Jung Hoo Lee’s childhood hero?

“As a kid, I loved Ichiro,” Lee said through an interpreter.

Lee shared a clubhouse in spring training this year with a Japanese player, Yoshi Tsutsugo.

“We’ve gone to dinner together and talked baseball,” Lee said.

When Go joined the Padres, he appreciated how Darvish approached him and greeted him in Korean: “Annyeonghaseyo,” or hello.

“We’re both from Asia,” Darvish said. “I know he has some uneasiness. At the same time, he wants to prove his strength, his personal strength, Korea’s strength. I understand that feeling.”

Go and shortstop Ha-Seong Kim now make it a point to say good morning to Darvish every day in Japanese: “Ohayo gozaimasu.”

Darvish said he purchased a translator application for his phone to communicate with his South Korean teammates.

More than anyone, Park understands the big differences that small actions like that can make. Park, who will deliver the ceremonial first pitch before the season opener on Wednesday, played with the Dodgers alongside Hideo Nomo.

Park and Nomo became lifelong friends. Nomo attended Park’s wedding. Nomo also traveled to South Korea for the opening of Park’s museum.

Park is hopeful that watching South Korean and Japanese players interact will make South Koreans and Japanese less suspicious of each other. Darvish has the same hope, saying the passing of time could heal the traumas and extinguish the prejudices of the past.

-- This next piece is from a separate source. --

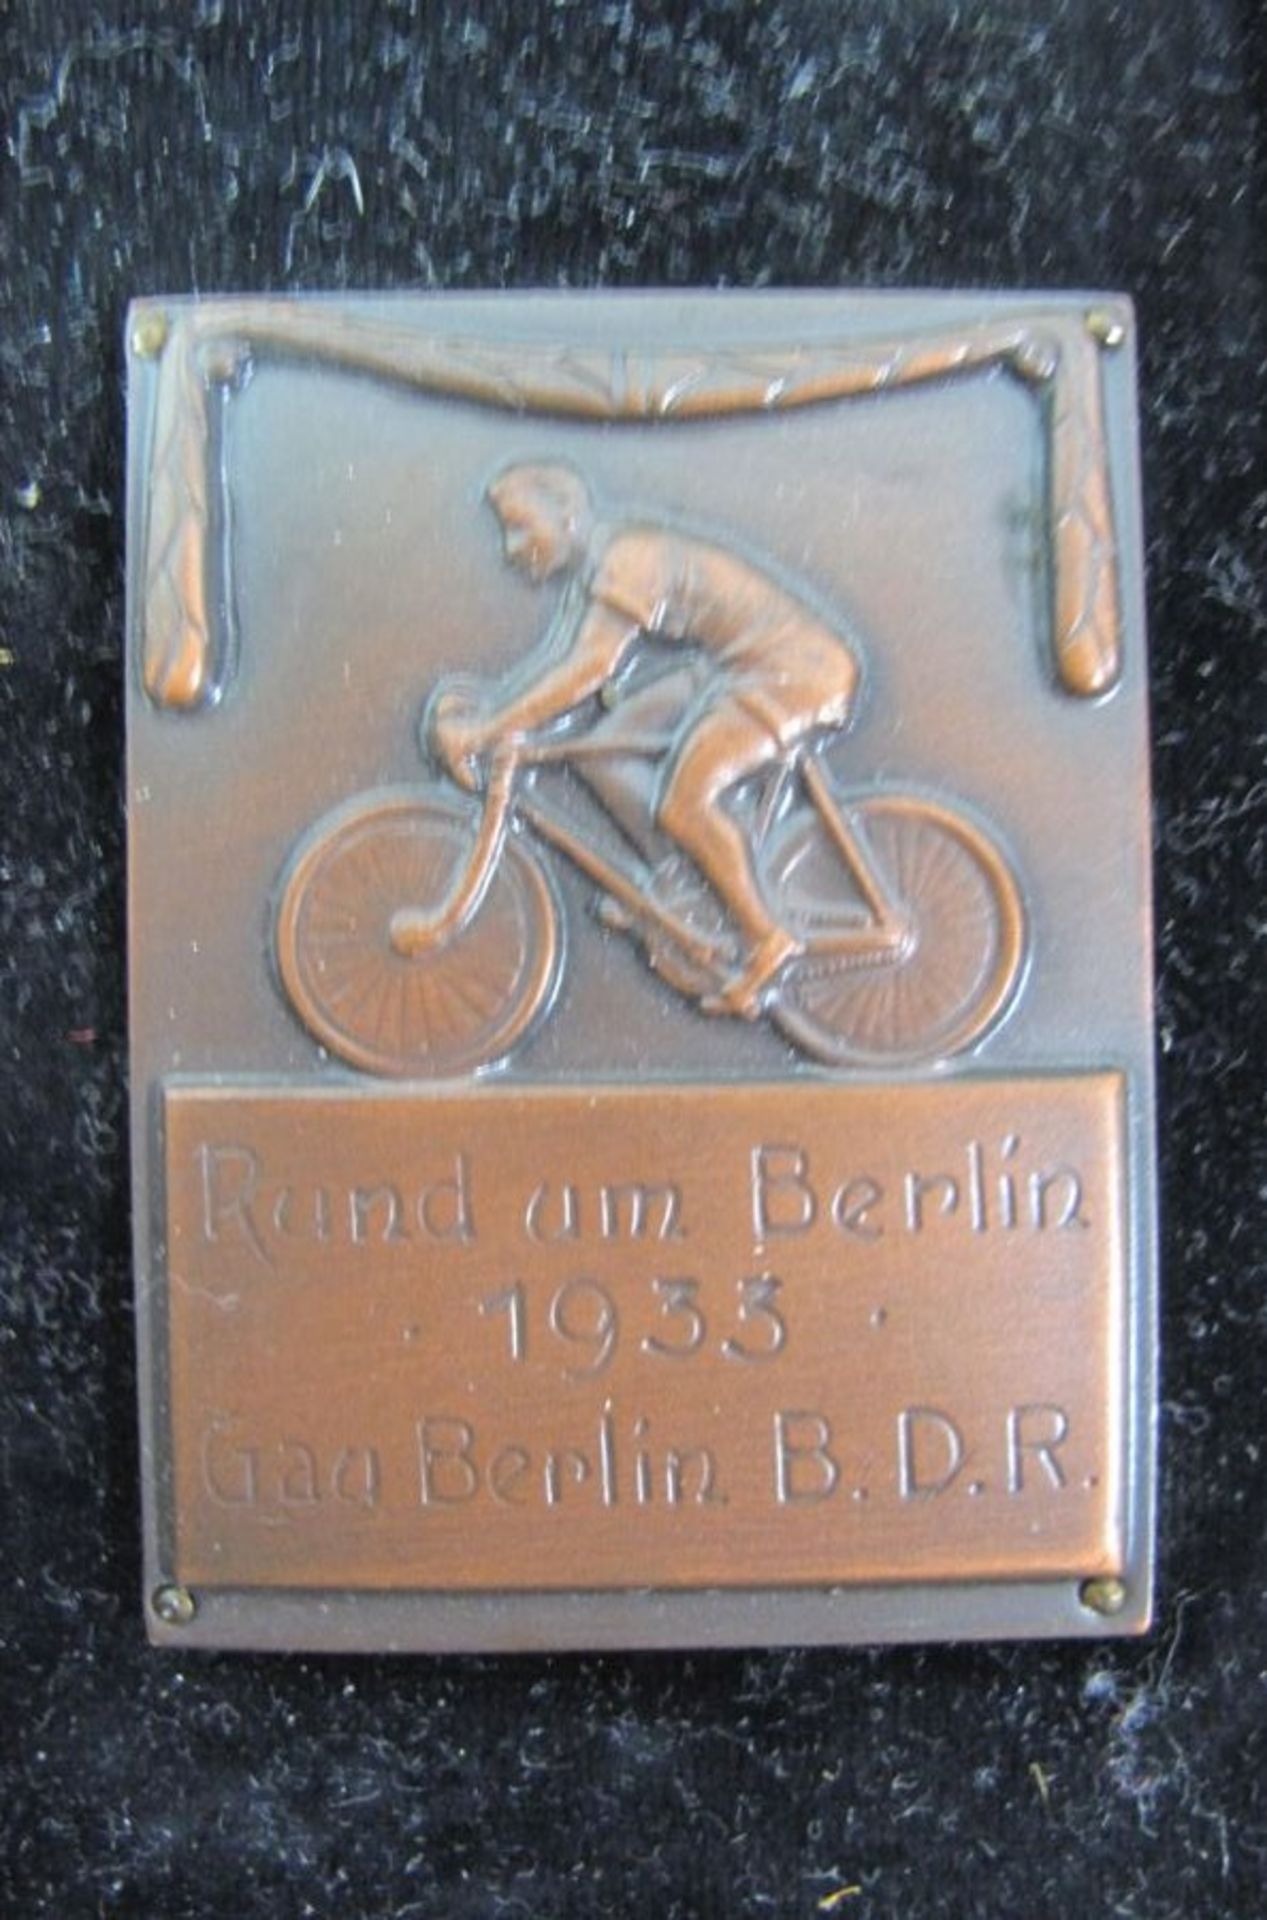 Plakette mit Foto, Rund um Berlin, B.D.R. (Bund Deutscher Radfahrer), 1933, gerahmt, RG 14 x 10, - Bild 2 aus 3

“I think it’s mostly older people who say, ‘I don’t like Korea’ or ‘I don’t like Japan,’” Darvish said.

Daniel Kim, who will be part of ESPN’s broadcast team for the Dodgers-Padres games, described the Japanese players on the Dodgers and Padres as the ultimate diplomats.

“What Shohei Ohtani and Yu Darvish have done for the last 48 hours is a lot more than what the political leaders have done on both sides in the last 10 years,” Kim said.

Darvish visited a cafe in Seoul run by a fan he befriended on Twitter.

Ohtani continued to share his fondness of South Korea, recalling a visit he made with a junior national team.

“I was still in high school at the time, so it was different than it is now,” Ohtani said. “But from that time, this was one of the countries I liked. At that point, I’d only been to Taiwan and South Korea, so in that sense, it was special. I think it’s also special that I’ve been able to come back [this week] to play baseball.”

It’s been special in other ways too — ways that extend far beyond balls and strikes and wins and losses.